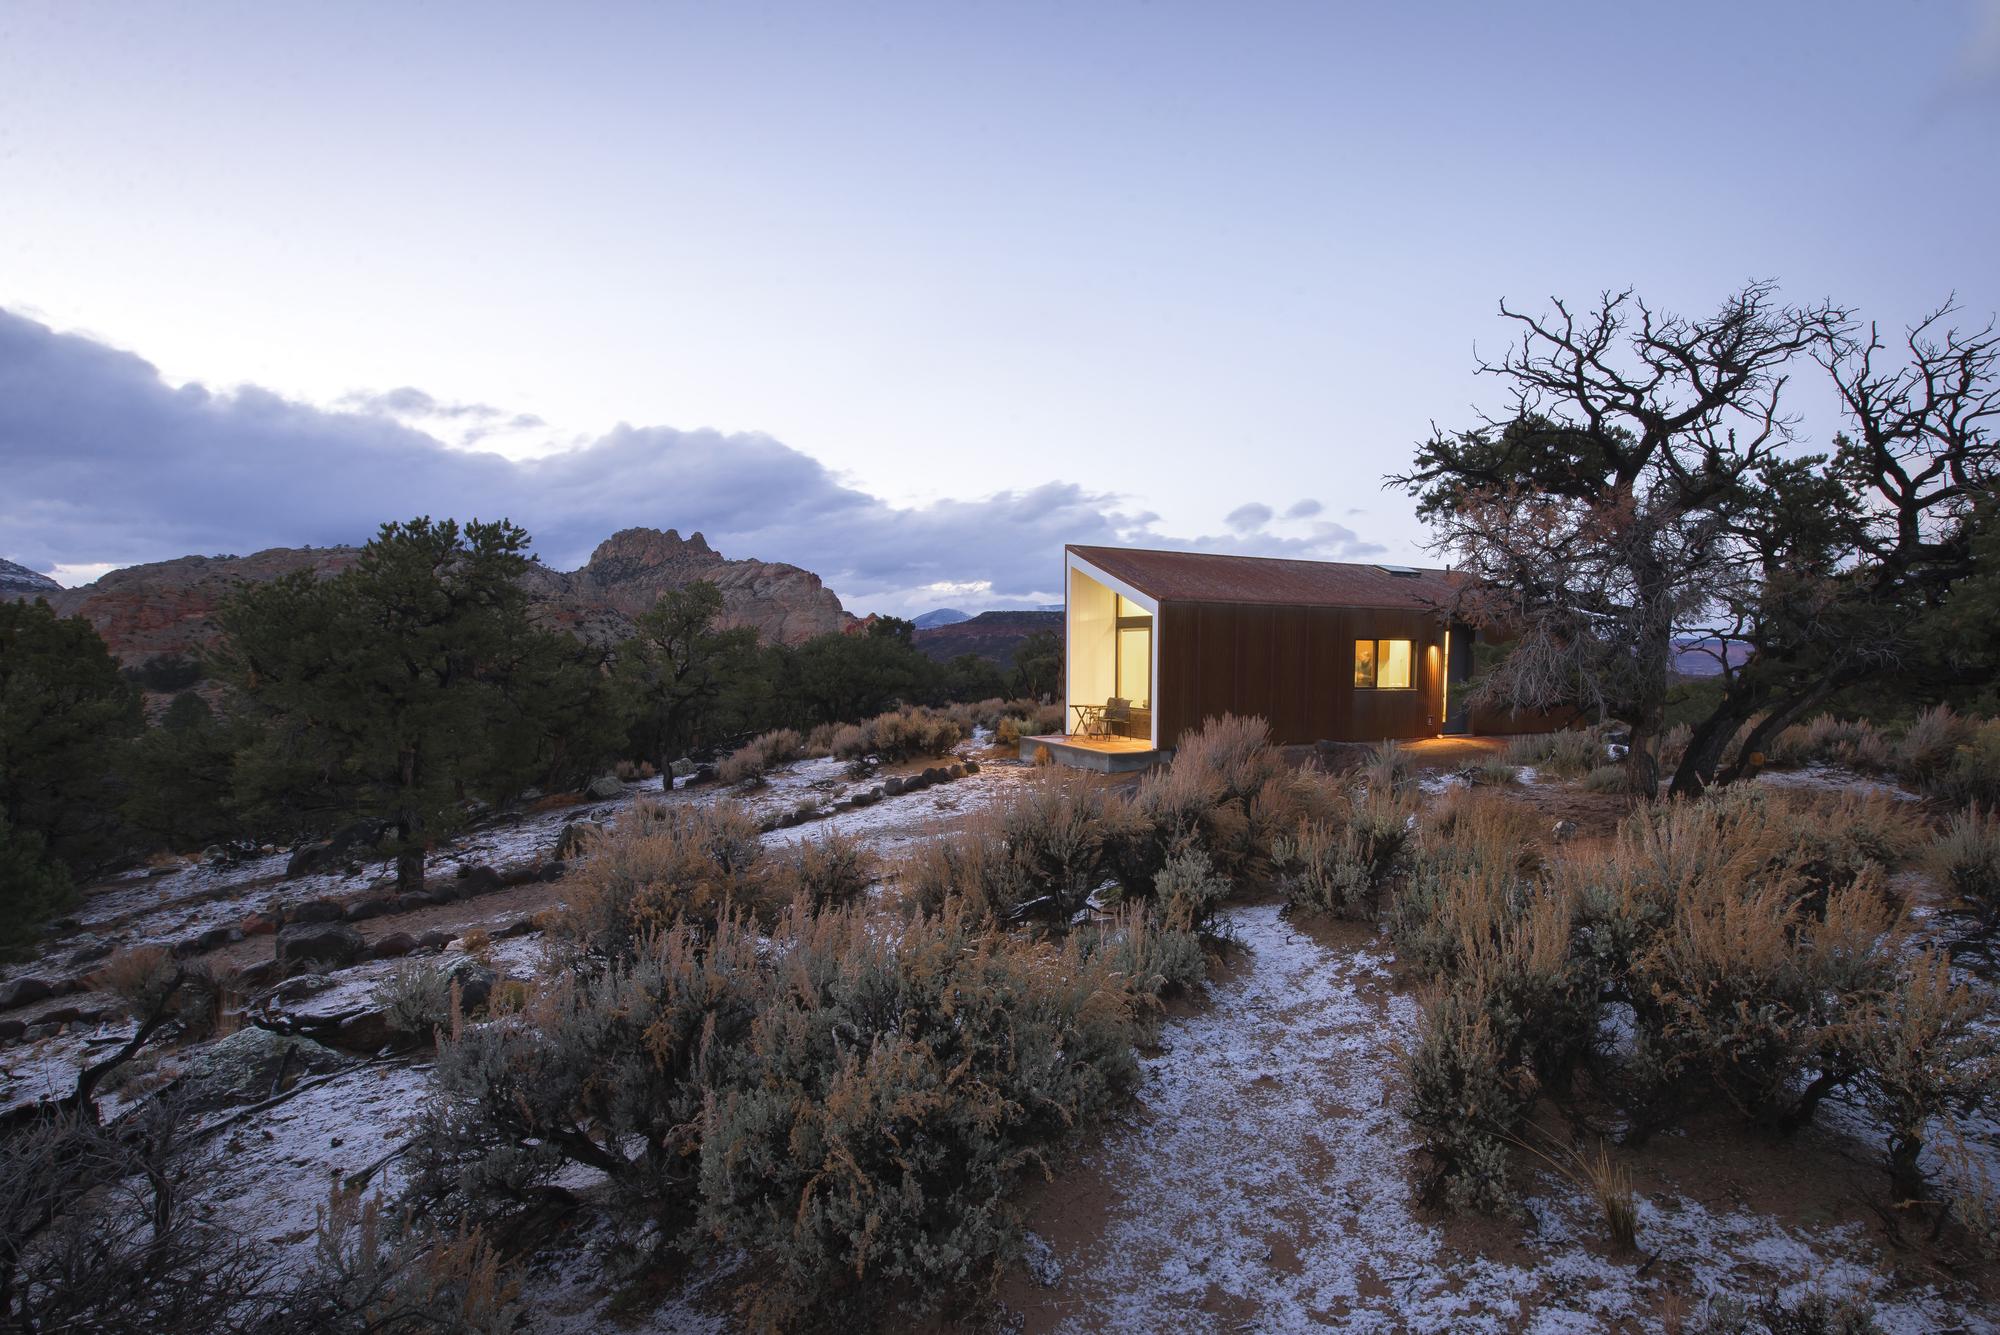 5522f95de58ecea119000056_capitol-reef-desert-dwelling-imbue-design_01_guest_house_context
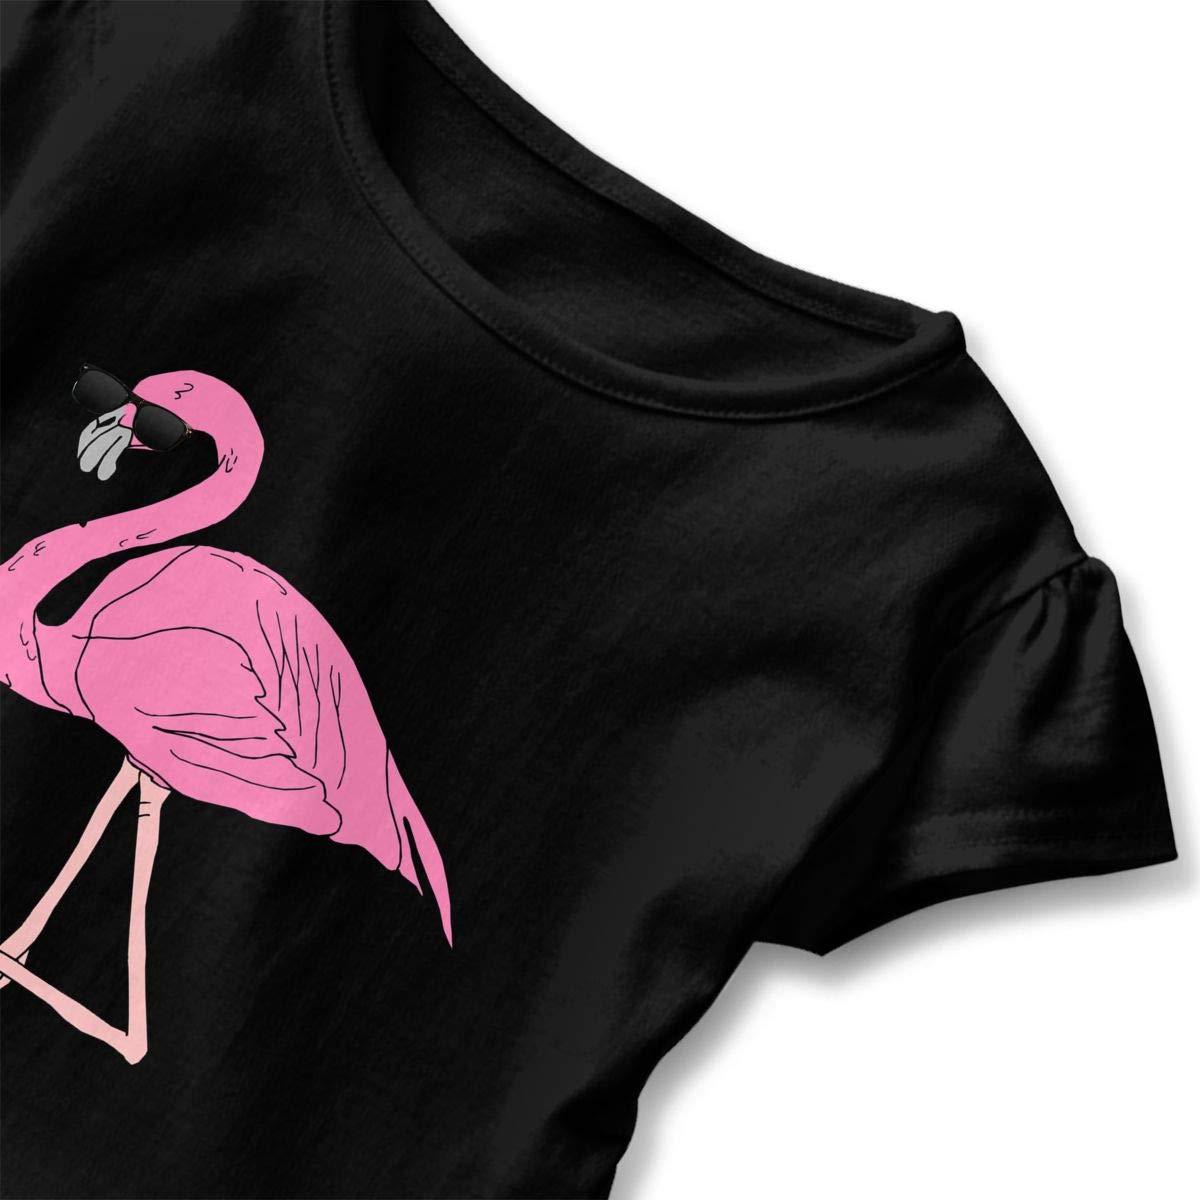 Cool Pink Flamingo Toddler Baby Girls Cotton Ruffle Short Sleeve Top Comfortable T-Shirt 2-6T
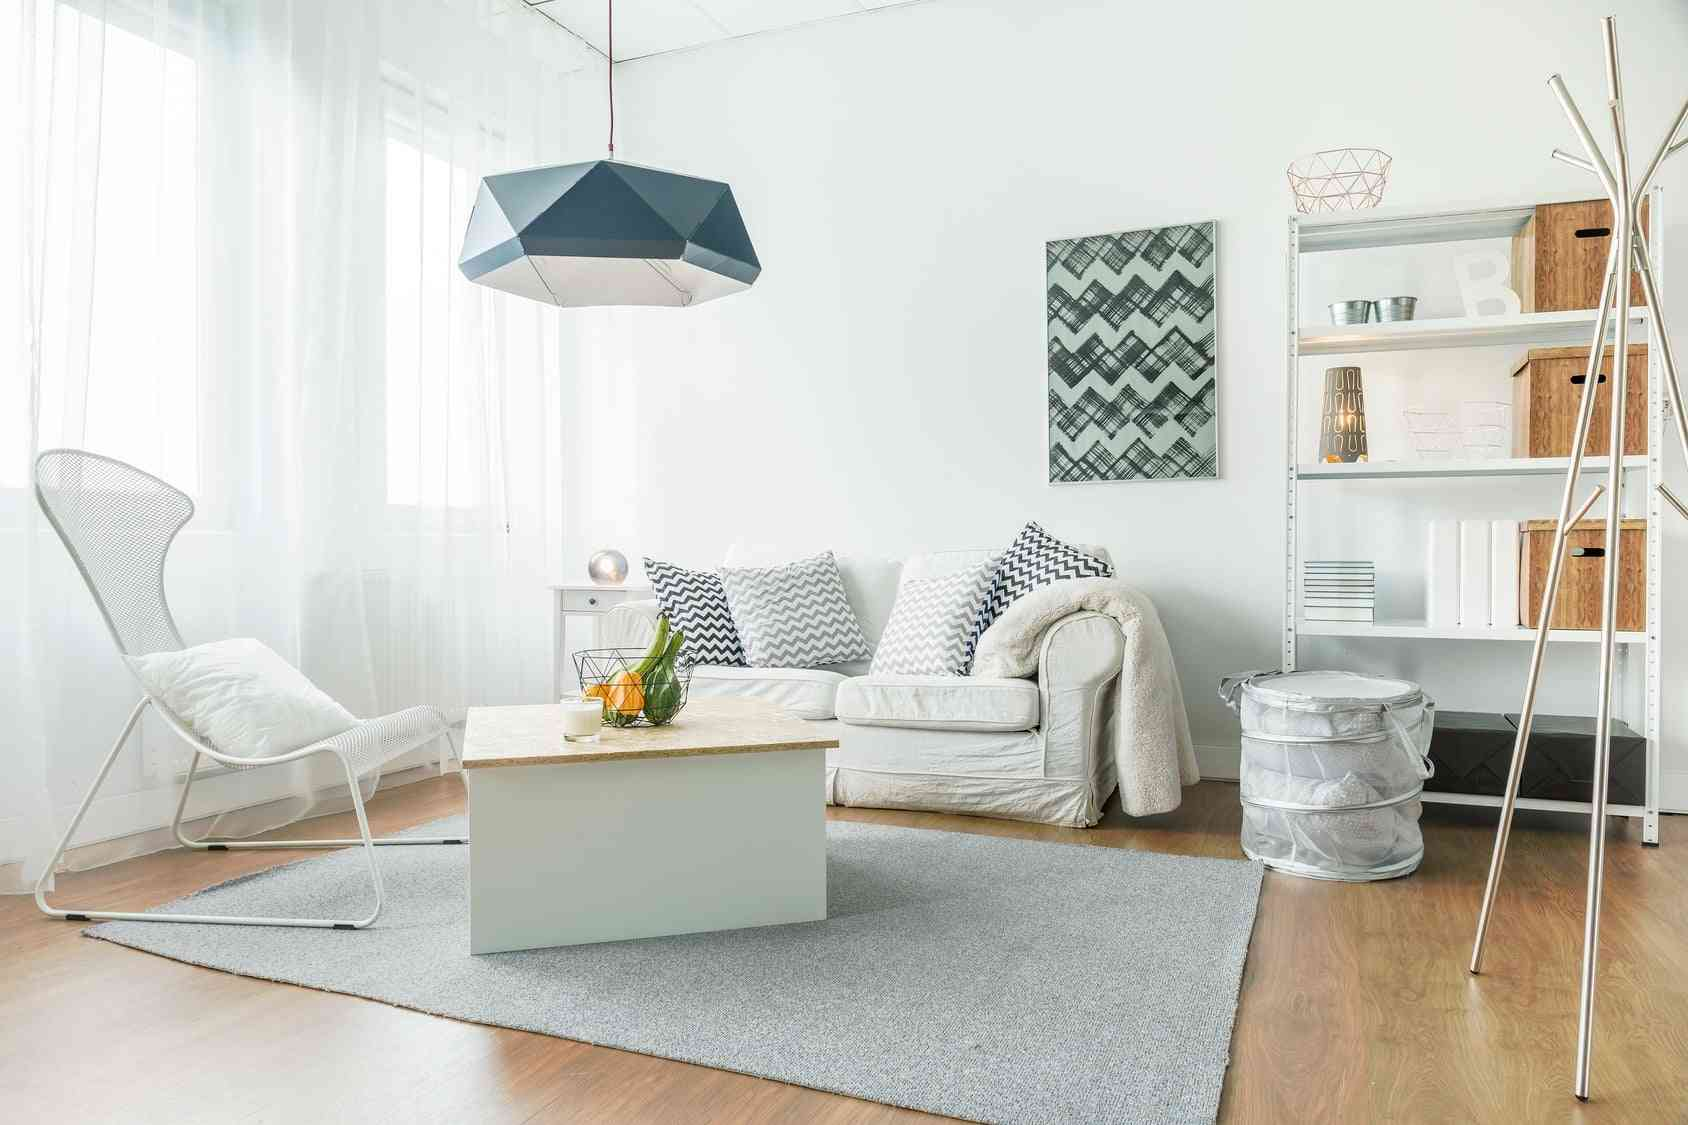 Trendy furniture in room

WHAT IS EXPECTED: In this exercise, set down all of the data exactly, without the pictures.

YOUR SOLUTION:
 5522f95de58ecea119000056_capitol-reef-desert-dwelling-imbue-design_01_guest_house_context
 Cool Pink Flamingo Toddler Baby Girls Cotton Ruffle Short Sleeve Top Comfortable T-Shirt 2-6T
 Trendy furniture in room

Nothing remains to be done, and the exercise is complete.